Le 14 août dernier, la municipalité a signifié son refus de voir le magasin Super U s’installer sur la zone d’activité de Montauban comme il était prévu de longue date. Il s’agit là d’une décision qui peut être lourde de conséquences pour notre commune. Il est regrettable que la commission municipale des finances et des activités économiques dont je fais partie n’ait été ni consultée ni même informée en temps utile de cette prise de position.
Certes le dossier est complexe et les arguments avancés par la municipalité pour justifier son refus sont à prendre en considération. Toutefois, quelques aspects du problème auraient mérité d’être pris en compte avant de trancher aussi brutalement.
Il est compréhensible que les gérants du super U souhaitent moderniser et agrandir leur magasin. Celui-ci est trop petit et installé sur deux niveaux ce qui n’est pas très pratique pour les clients en particulier pour les personnes handicapées.Il est indispensable de conserver à Carnac un magasin de bricolage. L’enseigne actuelle doit élargir son offre notamment en matière de jardinage et de matériaux ce qui suppose un espace extérieur important. Le projet des deux enseignes prévoit la création de 38 emplois à l’année et de 72 emplois en saison. Ces propositions sont les bienvenues par ces temps de chômage massif.

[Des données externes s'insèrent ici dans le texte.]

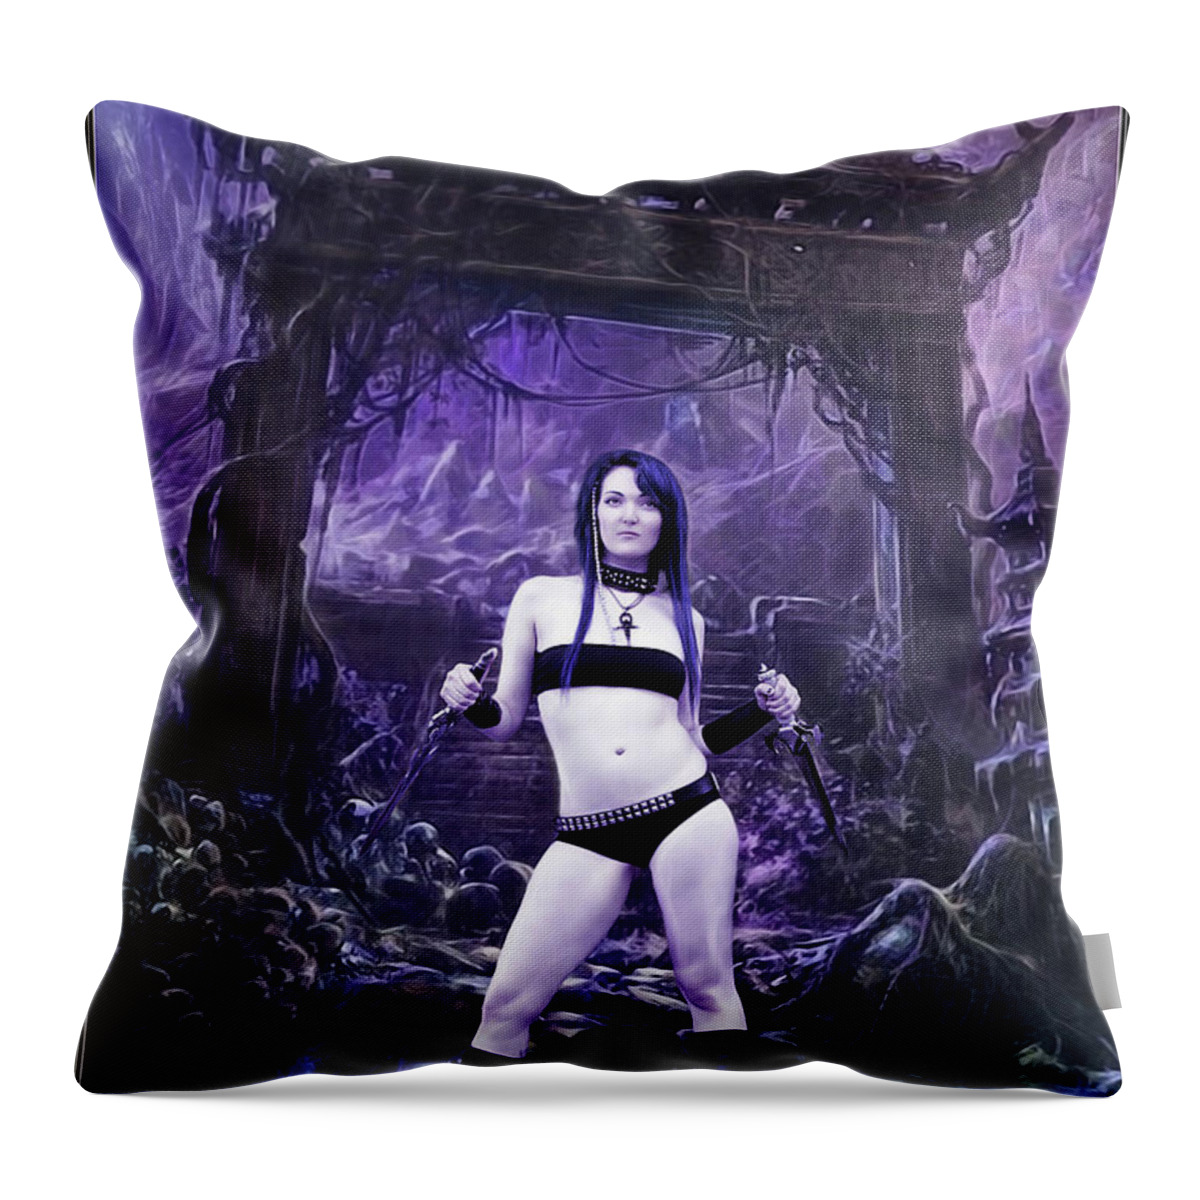 Rogue Throw Pillow featuring the photograph Wandering Rogue by Jon Volden
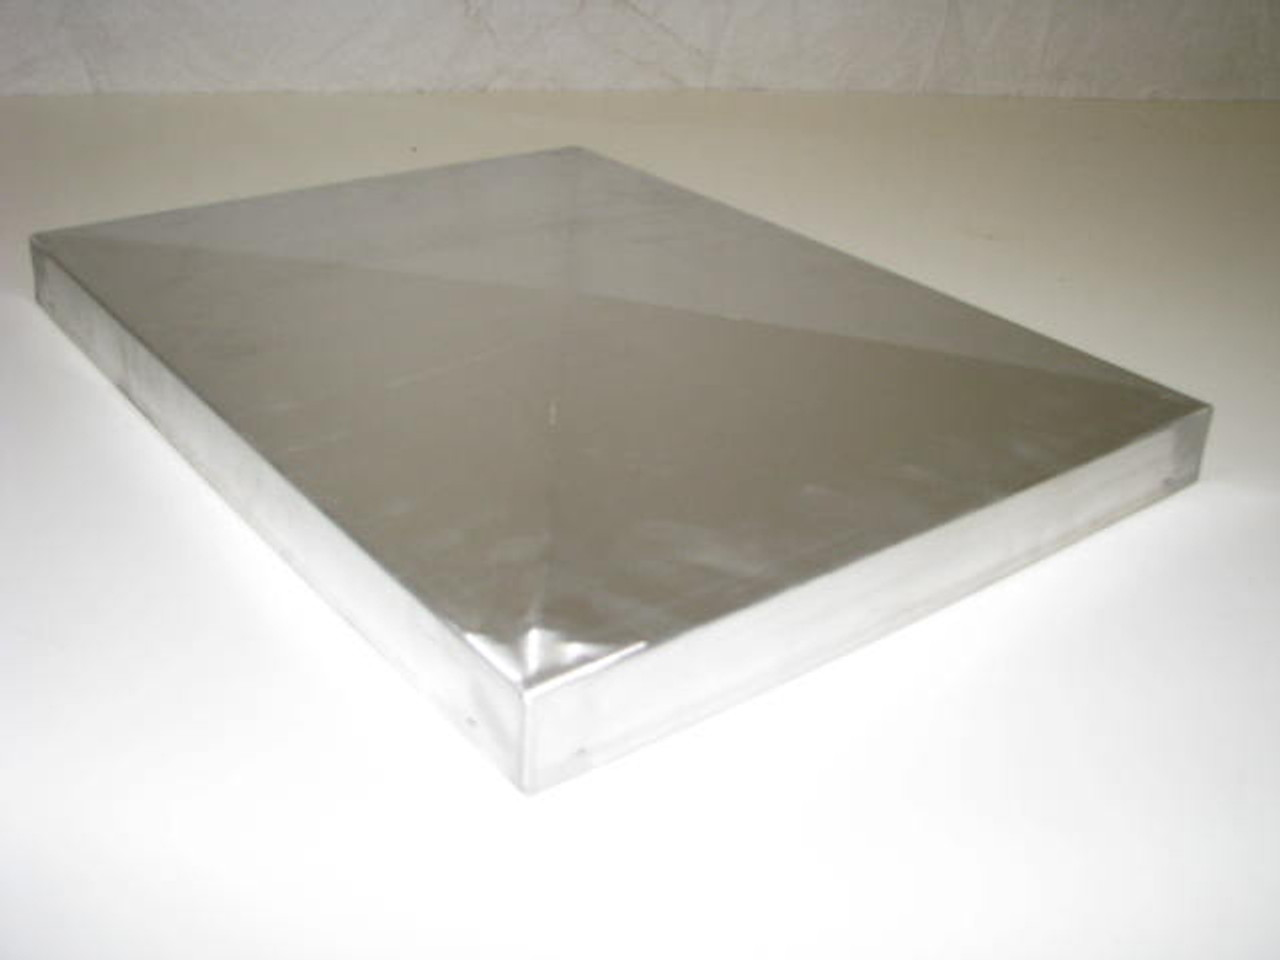 Spartan Aluminum Vent Cover - 12" x 16" (CBP010) ANGLED VIEW

divers_018__500x281_.jpg La municipalité doit prendre en compte ces éléments et ne pas se contenter d’un refus sans appel. Il y a sans doute des solutions alternatives à trouver et à mettre en œuvre. Pourquoi Monsieur Bricolage ne pourrait-il pas s’installer dans la zone d’activité de Montauban ? La surface commerciale envisagée ne dépasse pas les 4 000 m² réglementaires. Des enseignes du même type existent dans des zones d’activités de taille comparable (Point P à Toul Garros par exemple). Le cas de Super U est un peu plus complexe. Pour des raisons financières, le déménagement du magasin suppose que le terrain sur lequel il est bâti soit vendu. Un promoteur immobilier s’est déclaré intéressé à condition d’acquérir également le terrain contigu qui appartient à la commune (voir un précédent billet). L’affaire aurait pu être conclue car la municipalité de Jacques Bruneau était favorable à cette solution. Mais il se trouve que ces terrains sont situés dans une zone classée inondable dans le PPRL. En conséquence, il y a très peu de chance qu’un ensemble de logements puisse être construit à cet endroit. Par contre, l’extension d’une surface commerciale serait peut être acceptée.
Il est hautement souhaitable que la commission municipale des activités économiques soit saisie de cette affaire. Il faut que toutes les propositions soient examinées afin de trouver une solution conforme à l’intérêt des exploitants et des consommateurs.